Чинариков, обращаясь к Генриху Валенчику, говорил:
— Слушай, писатель, а это, случайно, не ты сочинил подметное письмецо? Как стало известно, ты у нас большой специалист по доносительству с уклоном в литературу.
— Вера, уйди отсюда, — распорядился Генрих и, повернувшись к Чинарикову, сказал:. — Ты, Василий, говори, да не заговаривайся! Я не подметные сочинения пишу, а разоблачаю жизнь средствами художественного слова. Если ты не понимаешь ни хрена в этом деле, то и не лезь своим рылом в калашный ряд!

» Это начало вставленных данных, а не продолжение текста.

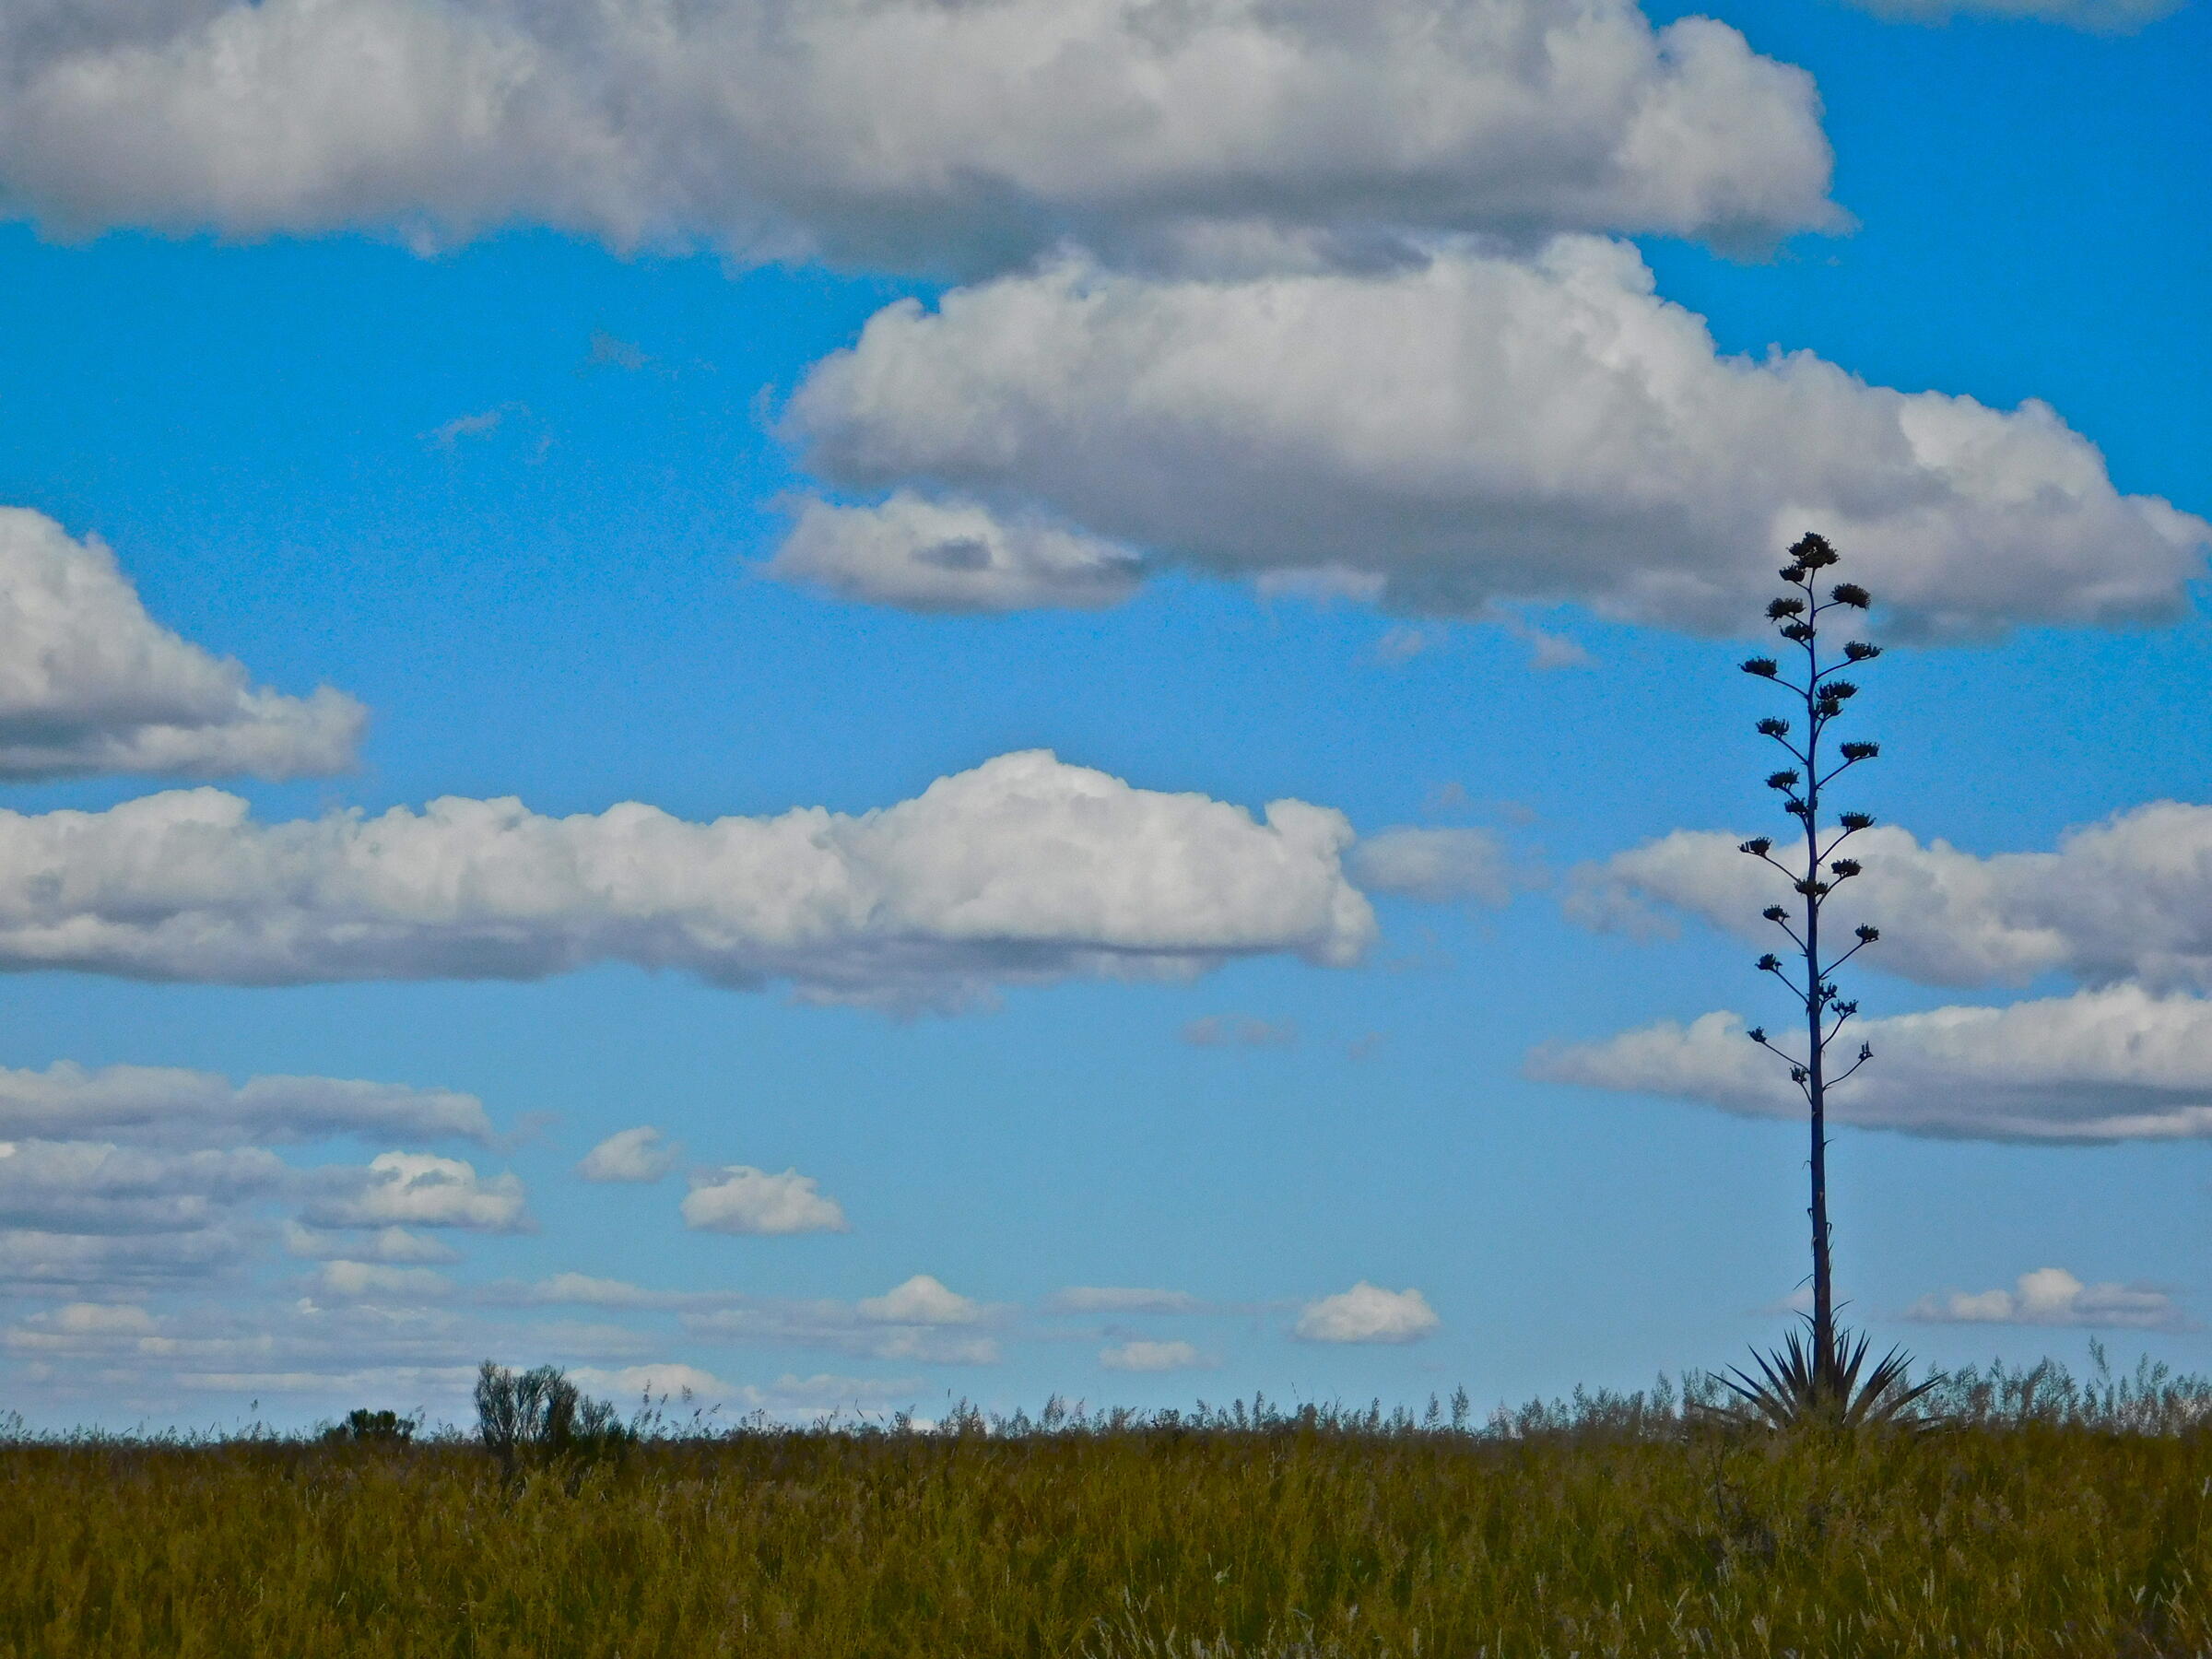 An agave stalk protrudes from the grasslands against a bright blue sky painted with puffy white clouds.

— Вот именно! — сказала Вера из коридора.
— Я, конечно, могу что–то недопонимать, — признался Чинариков, — но ты все–таки аккуратнее подыскивай выражения.
— Вы еще подеритесь! — посоветовала Юлия Голова. — Как раз есть кому без проволочек посадить вас на хлеб и воду.
Душкин сказал:
— Да хоть вы, ребята, обпишитесь, все равно в старушкину комнату въеду я.
— А вот это ты видел? — воскликнул Фондервякин и сделал кукиш.
— Ты мне фигуры не показывай, — молвил Душкин, — ты лучше спроси у Востряковой, кого она предполагает сюда вселить.
— Я только одно могу сказать, — откликнулась Вострякова, — кадрами в наше время разбрасываться не приходится…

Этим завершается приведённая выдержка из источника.